Was the Resurrection an illusion?The other day, while driving on the freeway, I saw a large bird on the side of the road. It was just walking around ignoring the cars. As I got closer, I could see its little legs moving, and as I got closer still I saw that this was really a big bird – a turkey maybe. I didn’t think we had wild turkeys in this part of Texas, but this sure looked like one. I got closer still and saw that it was a plastic bag blowing in the wind.
It happens to everyone – our eyes see something, and our brain tries to interpret it. Because we automatically try to place things in familiar categories, our brains occasionally place something in the wrong category – even supplying the necessary details, like little bird legs (which were probably just grass), to make the category work.
A more relevant example: I saw my grandmother more in the first couple of months after her death than I had in the previous few years. We were not even particularly close, but everywhere I went I saw her, at least for a split second, in someone else. It was obviously an illusion – a trick of my mind – and at no point did I actually think my grandmother had returned from the dead.
Given the tricks our minds can play on us, could the apostles and other “witnesses” to the resurrected Christ have been mistaken?
The first argument against this notion is that Christ’s post-resurrection appearance were made to many people at the same time. We can accept that a person can make such a mistake, but a dozen all at once? Five hundred (1Cor 15:6)?
The second argument against this objection is that the witnesses did not just see Jesus across a room. They spoke with Him, touched Him, ate with Him (e.g., Luke 24:36-43). An illusion doesn’t break bread for you (Luke 24:30).

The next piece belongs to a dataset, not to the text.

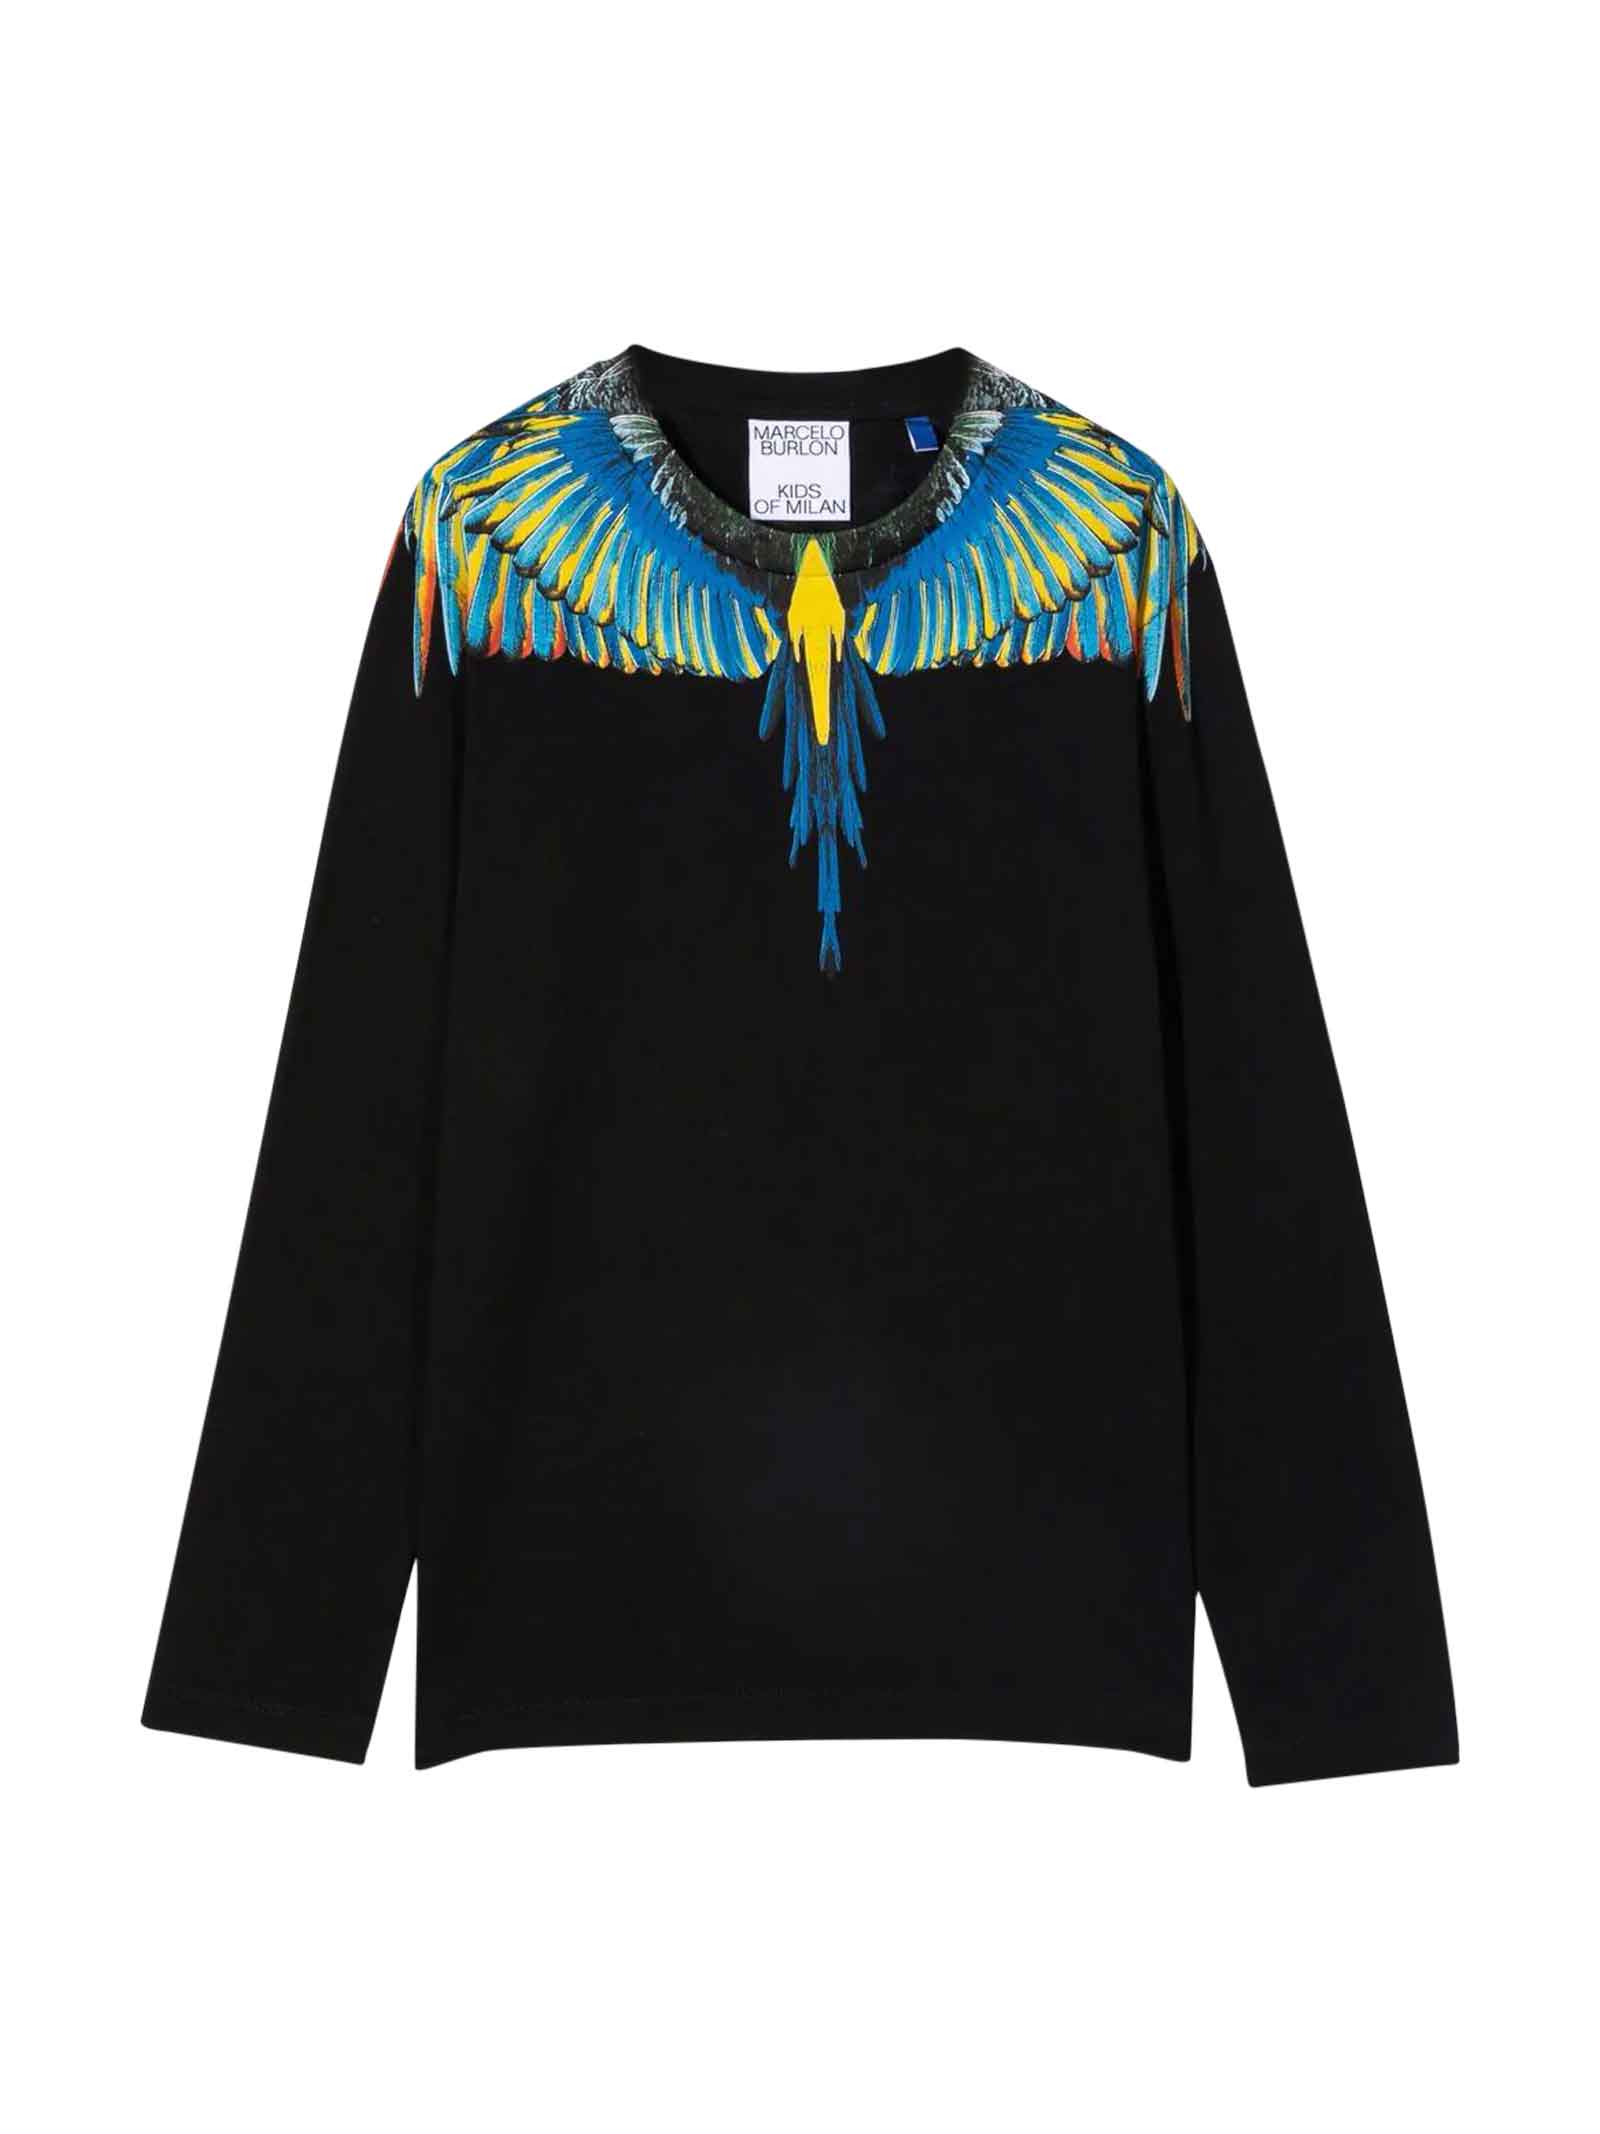 Marcelo Burlon Black T-shirt With Long Sleeves And Multicolor Print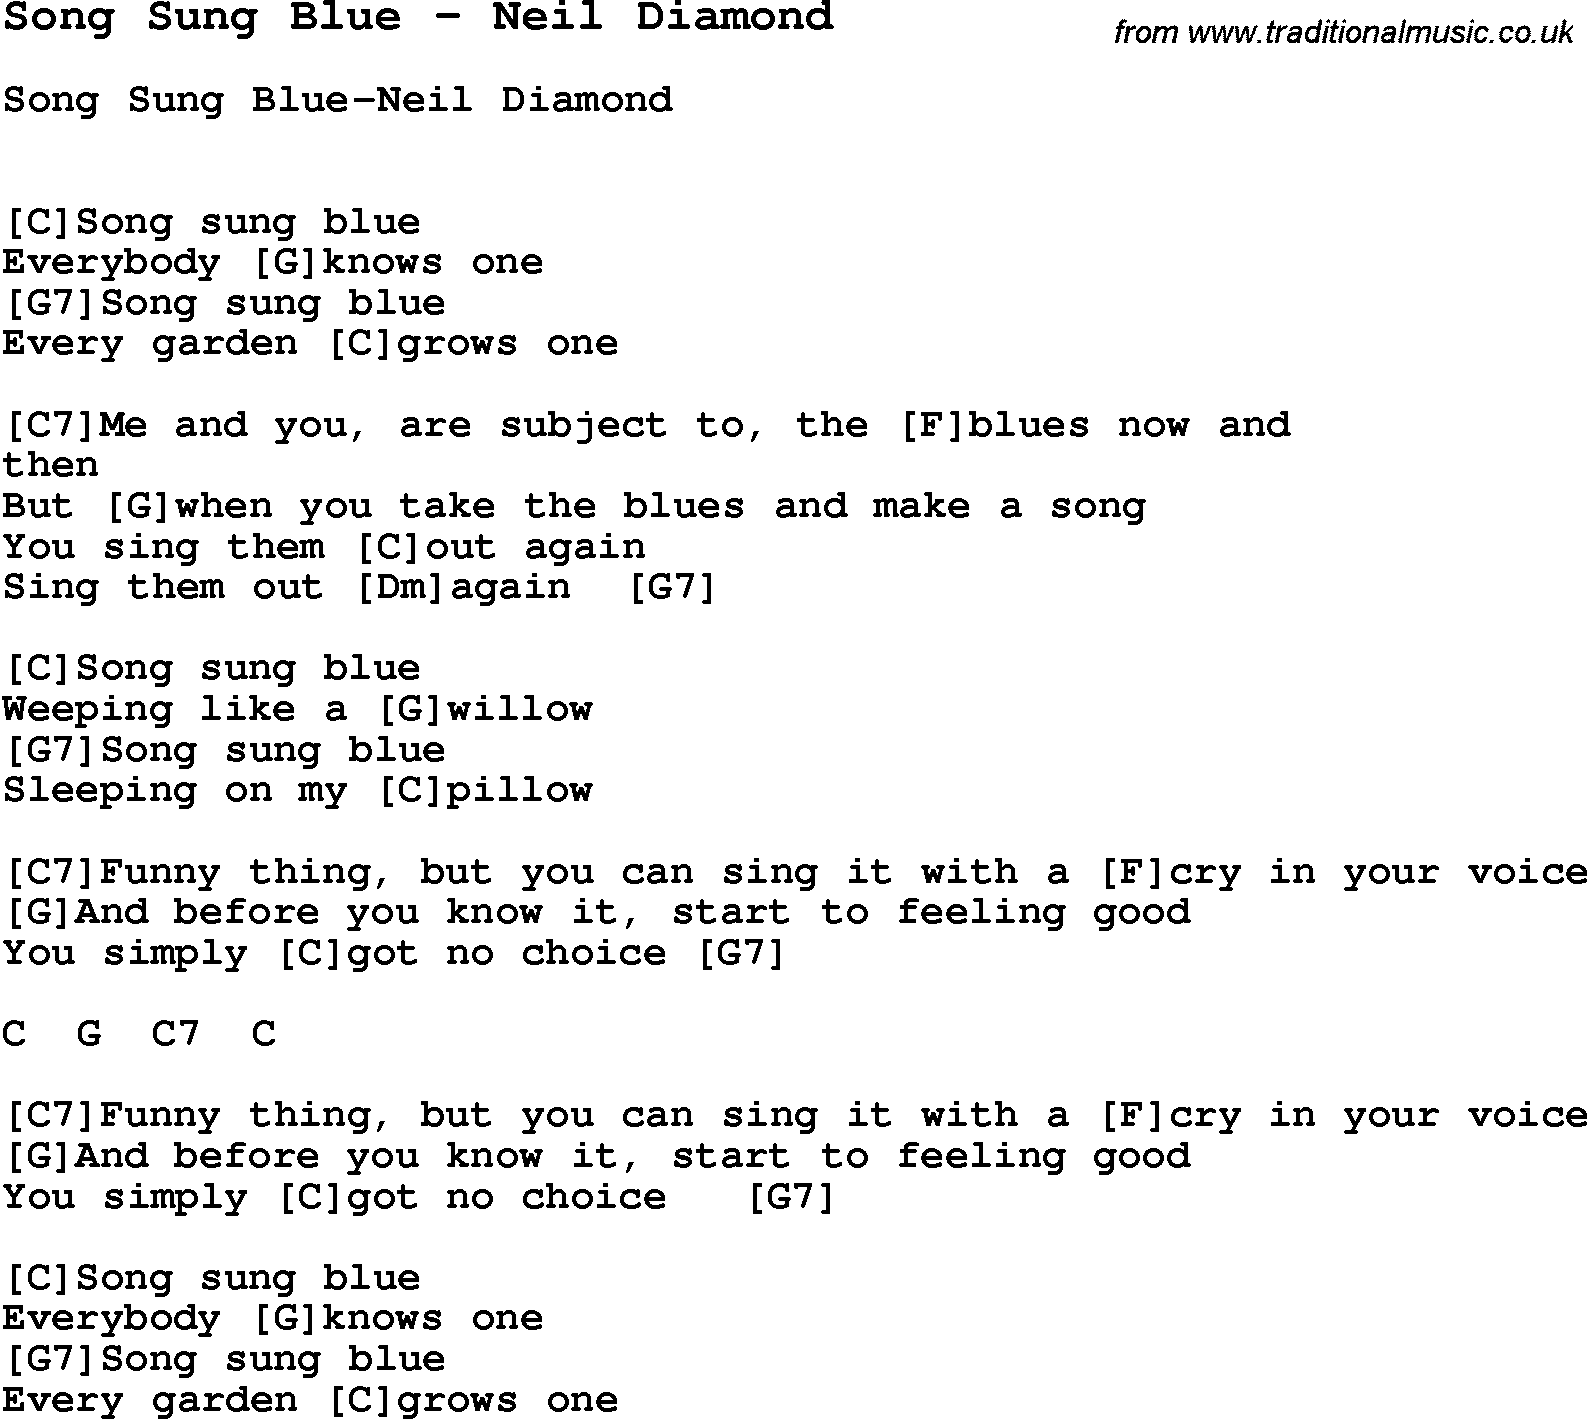 Song Song Sung Blue by Neil Diamond, with lyrics for vocal performance and accompaniment chords for Ukulele, Guitar Banjo etc.

The third problem with this theory is that if the apostles were mistaken about seeing the risen Jesus, His body was still in the tomb. If they ran around Jerusalem preaching that Jesus was alive and making a general nuisance of themselves (c.f., Acts 4:1-22), we would expect the authorities to produce that body and snap them out of their euphoria. This didn’t happen. The earliest Jewish polemic against the resurrection (Matt 28:11-15) assumes an empty tomb.